We are pursuing lab experiments to assemble a hypothesis for the emergence of Life. We will review the lessons we have learned in recent years. Many experiments challenge preconceptions often taken for granted such as: • Life emerged in the liquid state • Activation is at the 5’ end of RNA • Life emerged at pH 7 • RNA is unstable and does not hybridize at high pH • Amino acids to not play an early role • RNA is only catalytic in the form of Ribozymes • Chirality has to be solved at the nucleotide level • Activated molecules are sufficient to drive early evolution • Early life needs cells • Early life required constant molecule synthesis • Origin of Life is slow.
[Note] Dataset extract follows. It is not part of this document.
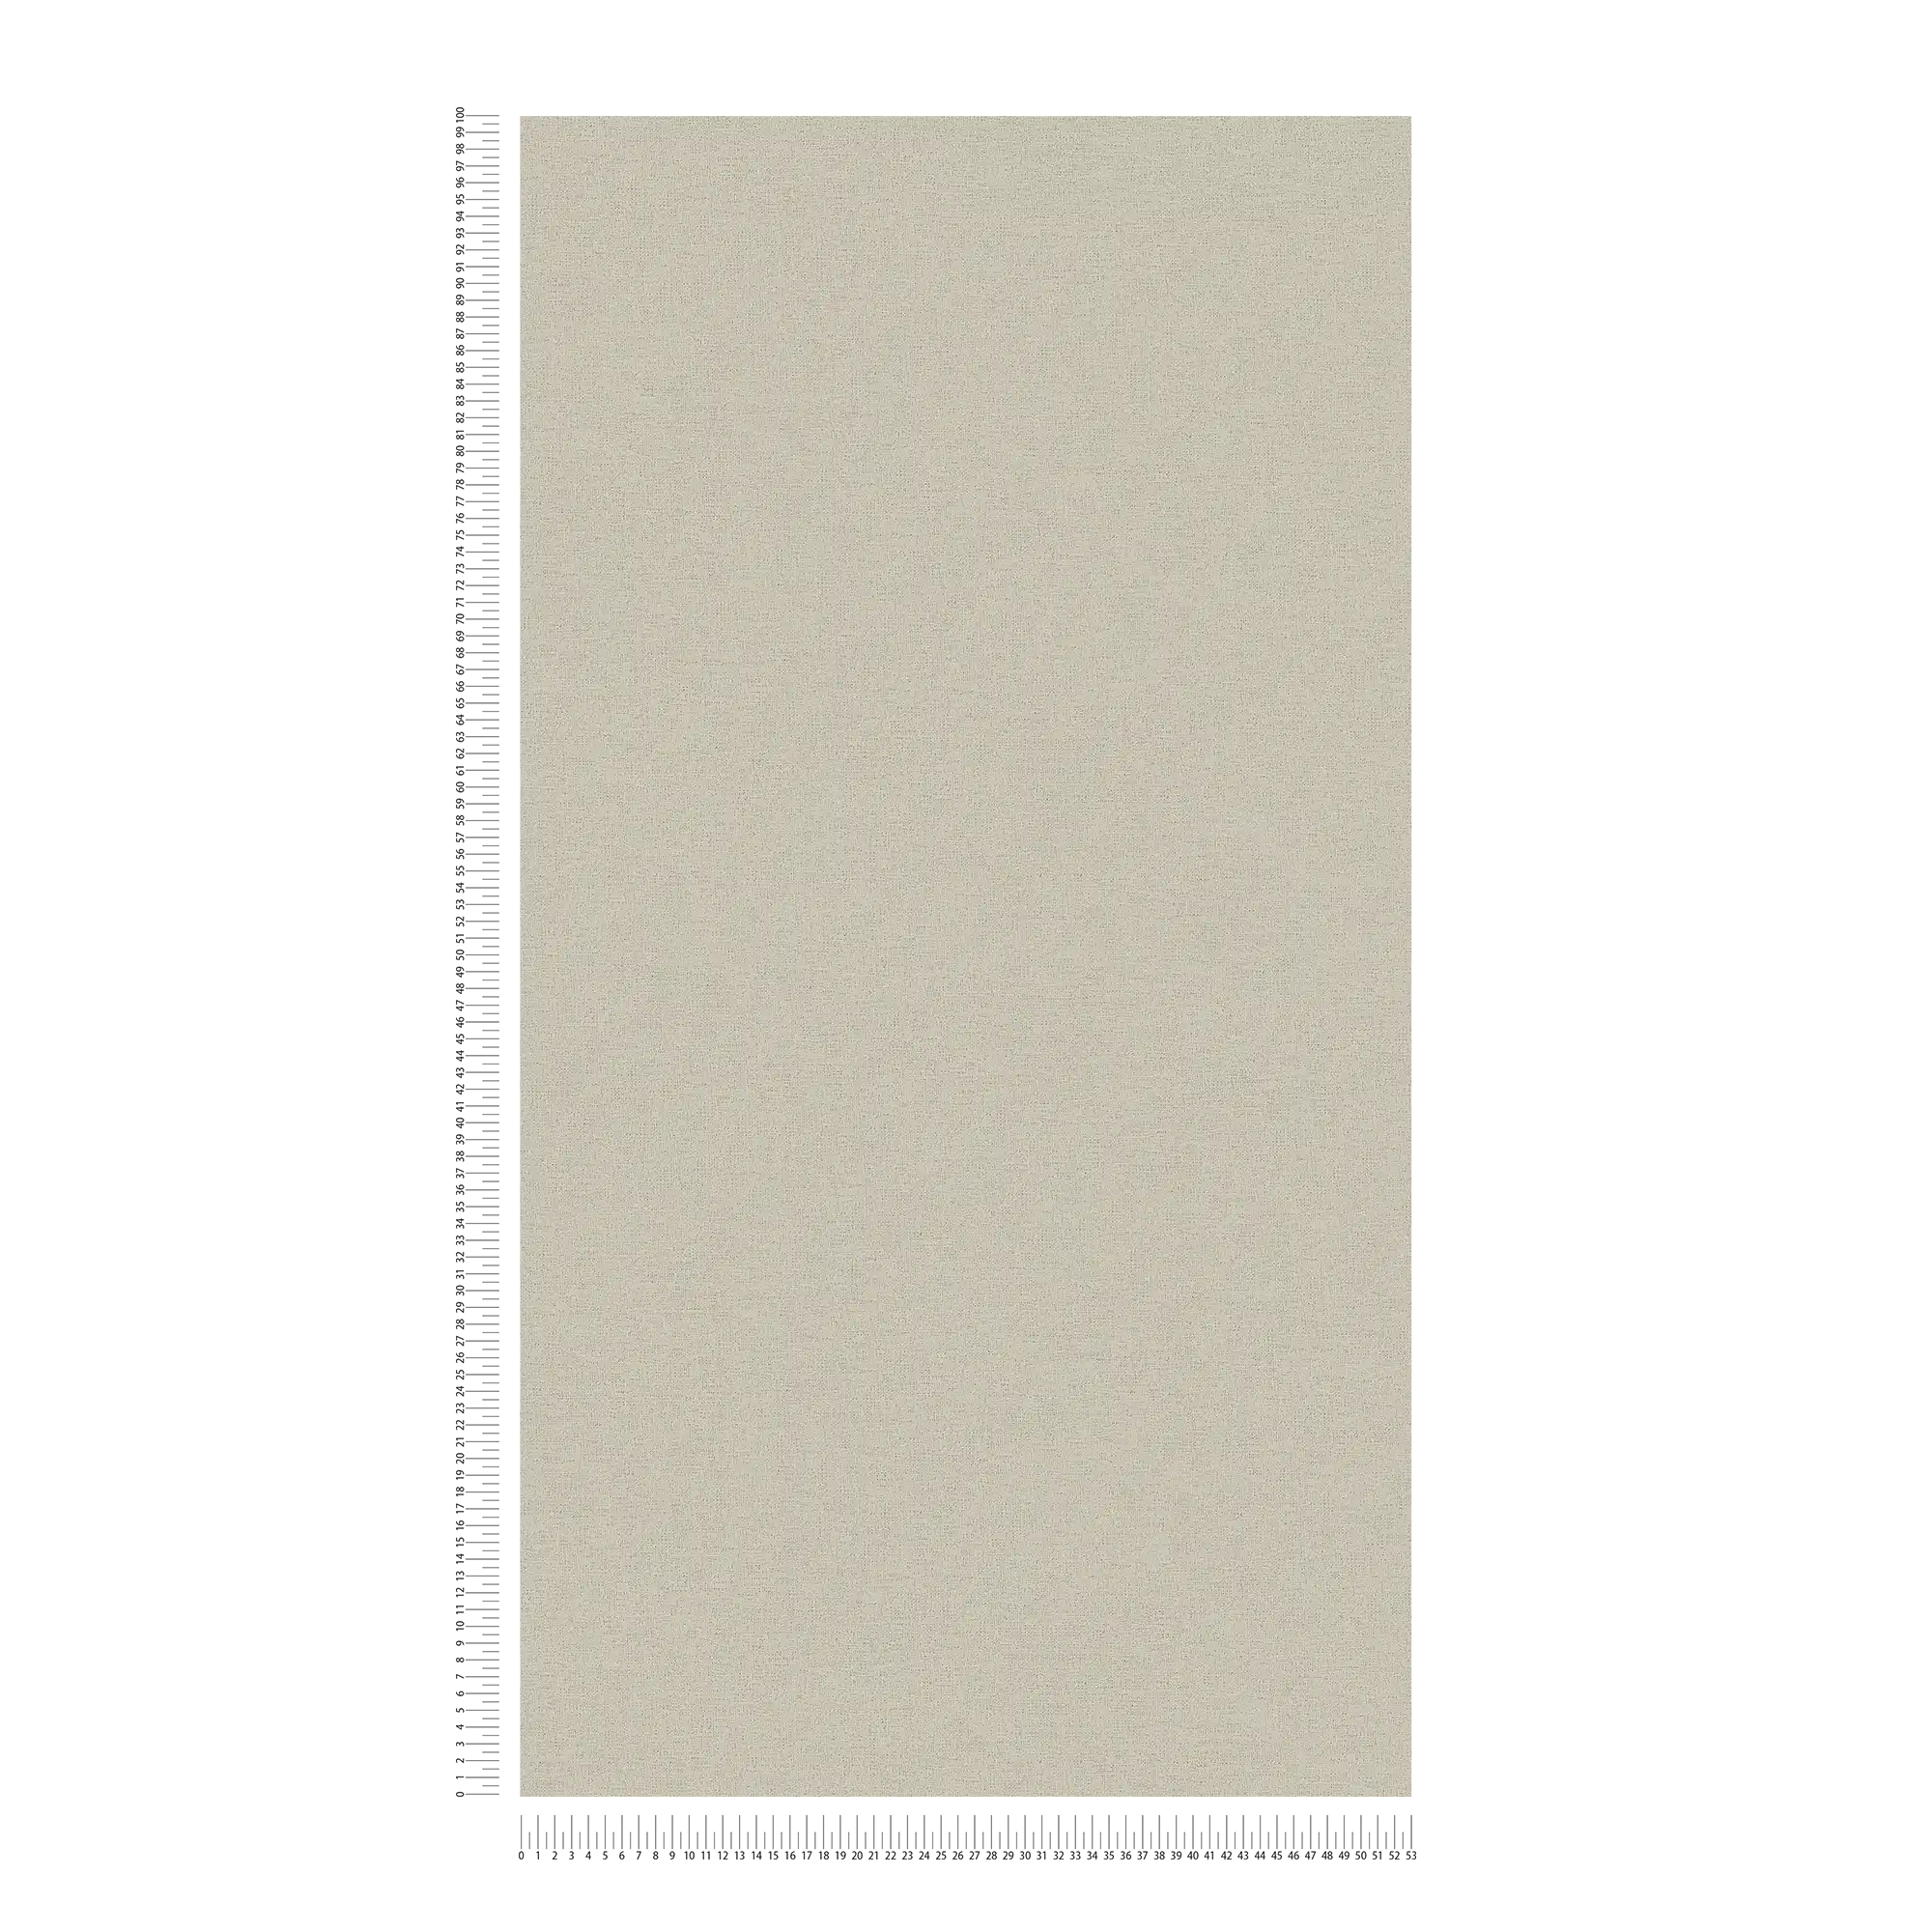             Papel pintado de aspecto de lino beige con estructura textil moteada

The hypothesis that emerged from these experiments can be summarized as follows: The polymerising molecules are exponentially amplified by geological flow non-equilibria in microscale porous rock matrices. 2',3'-cyclic nucleotides polymerize to RNA in the dry state at the pH of 9–10 that is found on volcanic islands even today. Templated ligation in liquid state at the same pH will form autocatalytic replication networks. While wet-dry cycles can grow these networks, the dynamics of replication is enhanced when the RNA oligomers are pinned, fed, and self-selected for replication speed and increasing length by local geological flows. RNA polymerization and replication will self-select left- or right-handed RNA strands. The right-handed strands were likely selected by evolution later. Modern biochemistry in the form of the PURE system is accumulated and fed by the same geological flow settings, demonstrating long-term evolution. In the present of lipids, these pinned molecule distributions are autonomously encapsulated and accumulated into giant vesicles, creating a bridge towards lateral gene transfer and the evolution of modern cells.